• Work request:
From the line that contains "Cotonet make-up remover" down to the final line of the listing below, set down every line exactly, both ends included, and drop the pictures.

** Information provided follows **

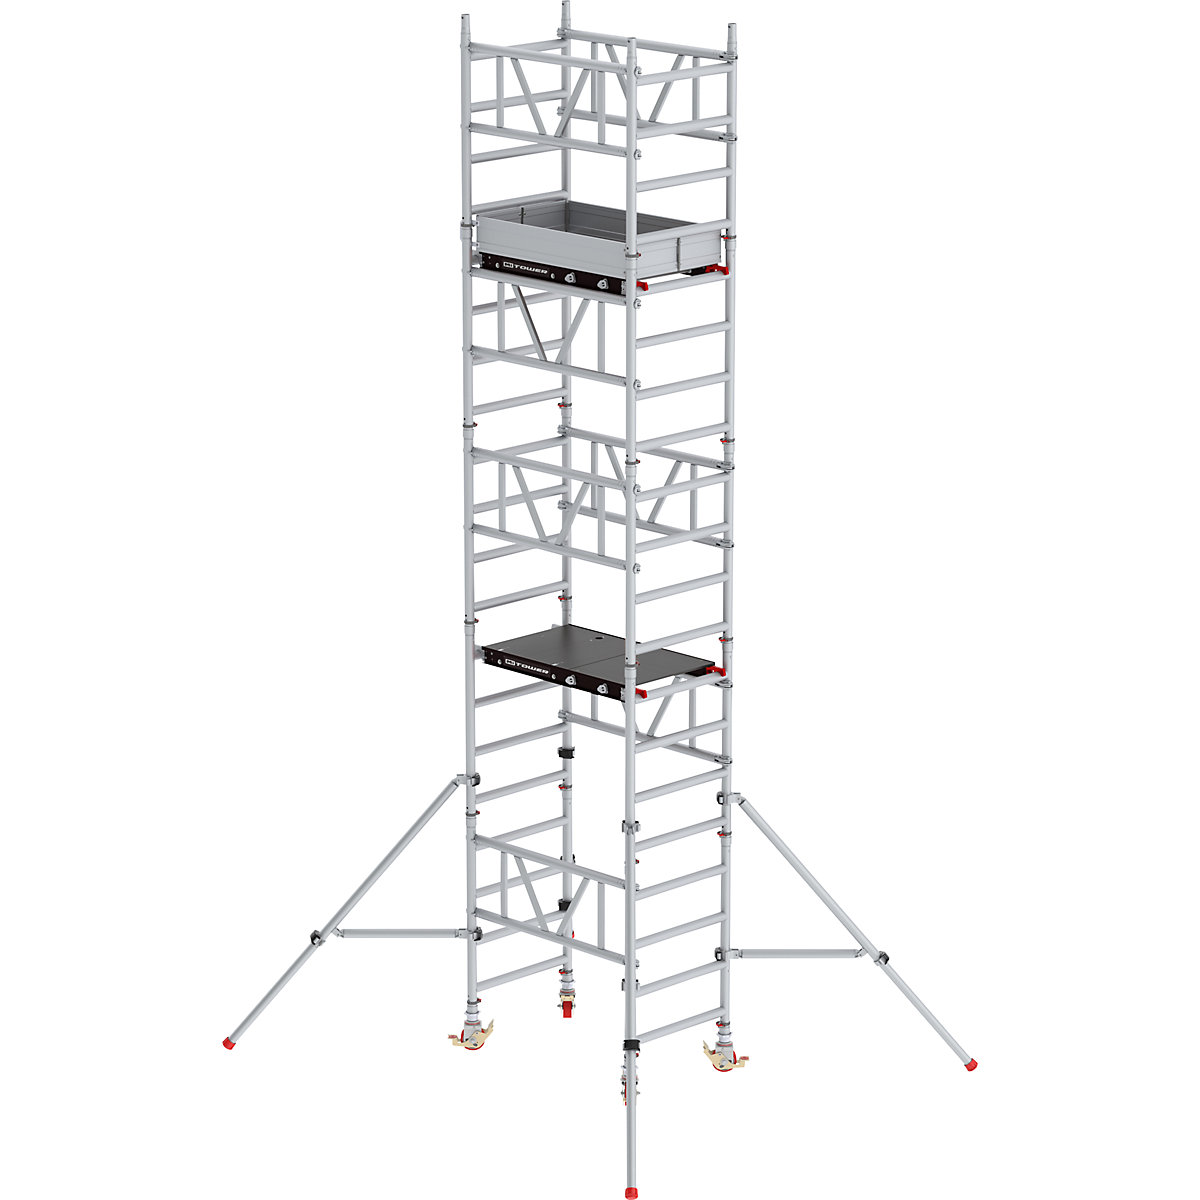 Snelbouw-rolsteiger MiTOWER Standaard – Altrex, Fiber-Deck®-platform, l x b = 1200 x 750 mm, werkhoogte 6 m-24
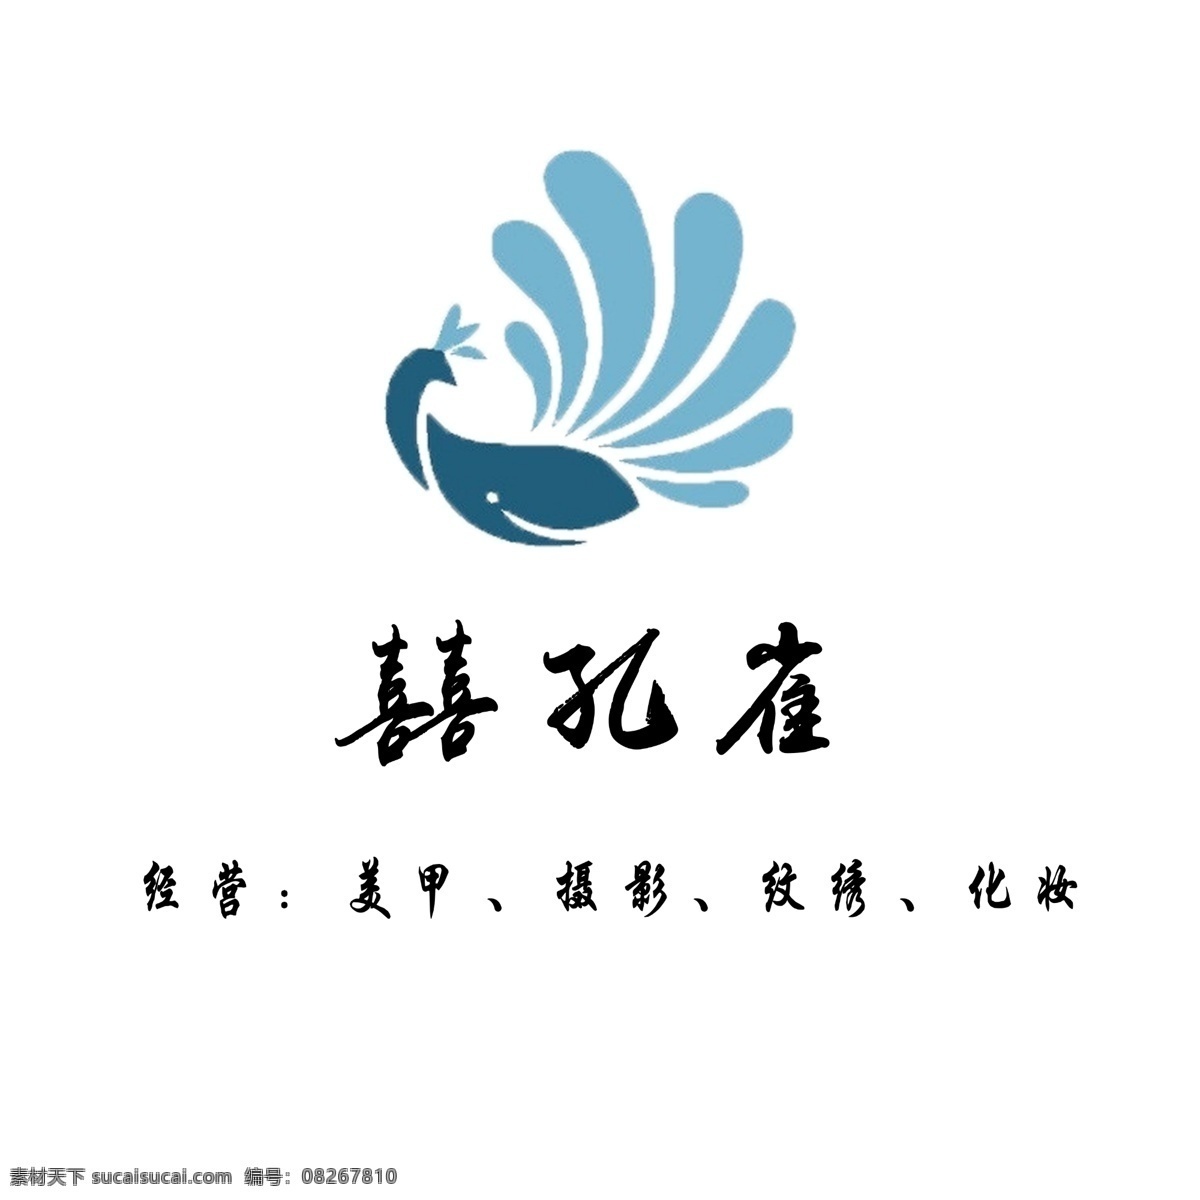 囍孔雀 logo 标志 lo go logo设计
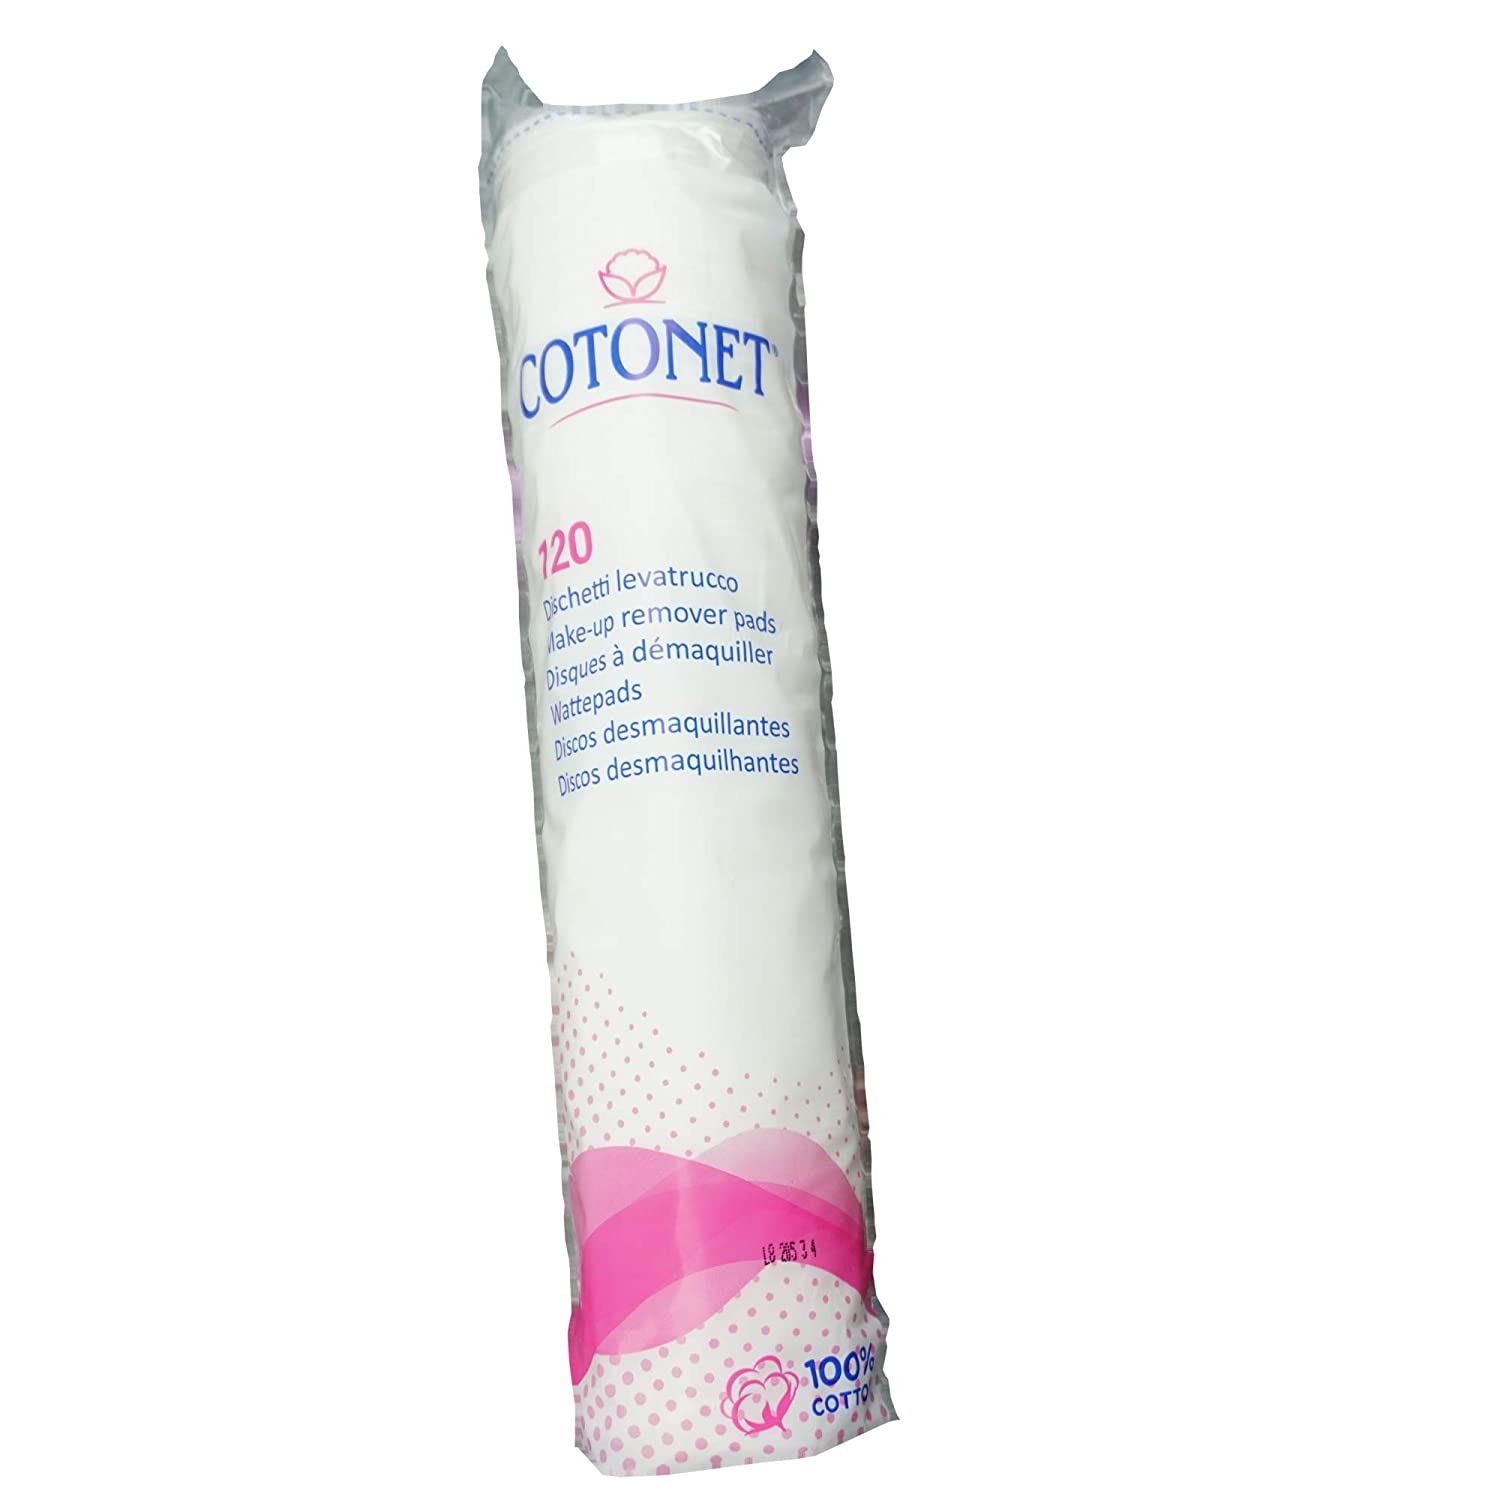 Cotonet make-up remover pads 100% cotton 24x 120 pcs value pack
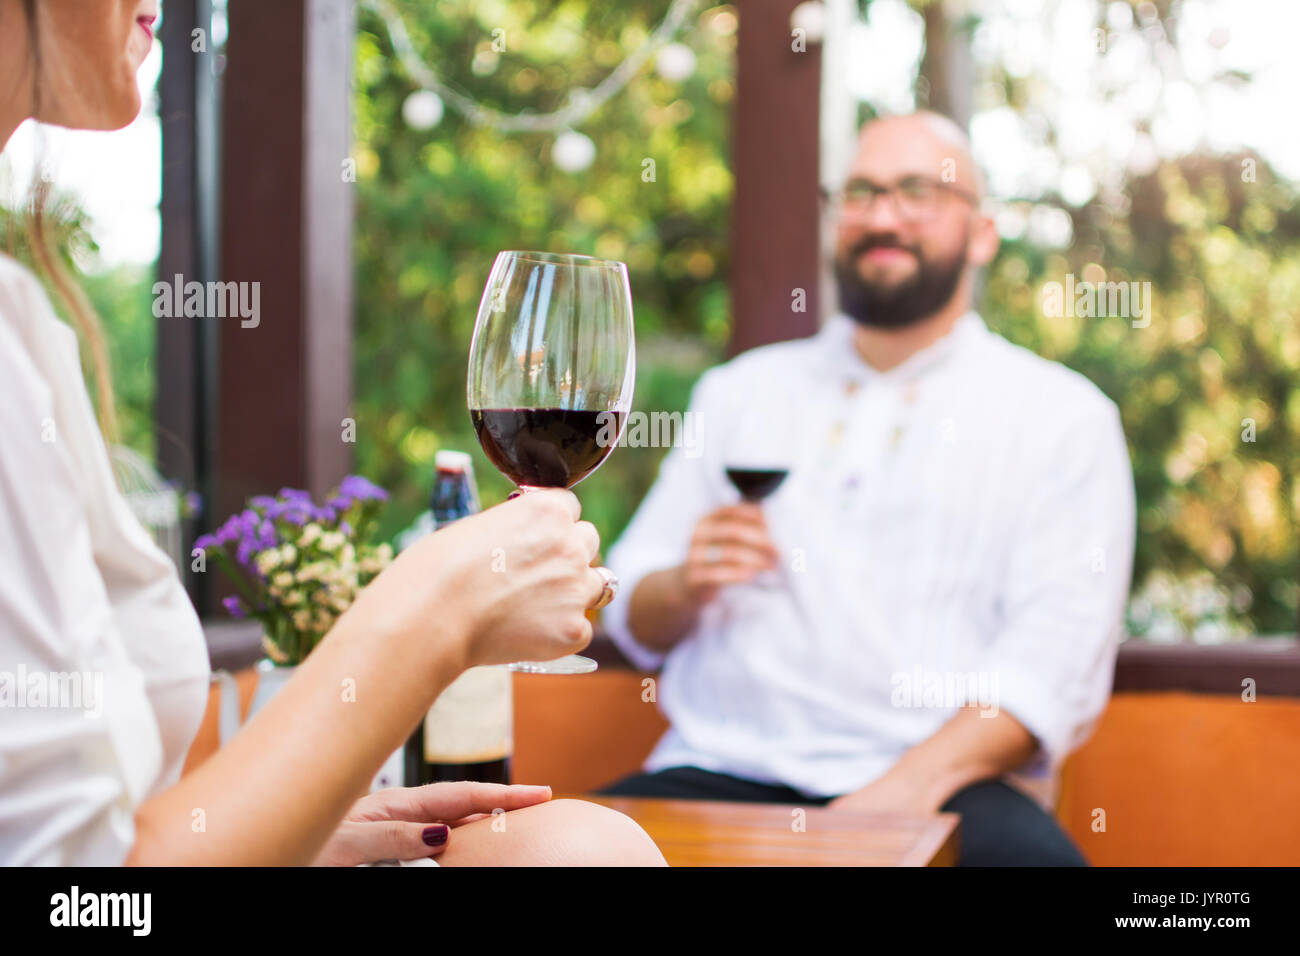 Paar trinken ein Glas Wein auf einem Datum Stockfoto

** End of Information provided **

• Answer for the task:
 Cotonet make-up remover pads 100% cotton 24x 120 pcs value pack
 Paar trinken ein Glas Wein auf einem Datum Stockfoto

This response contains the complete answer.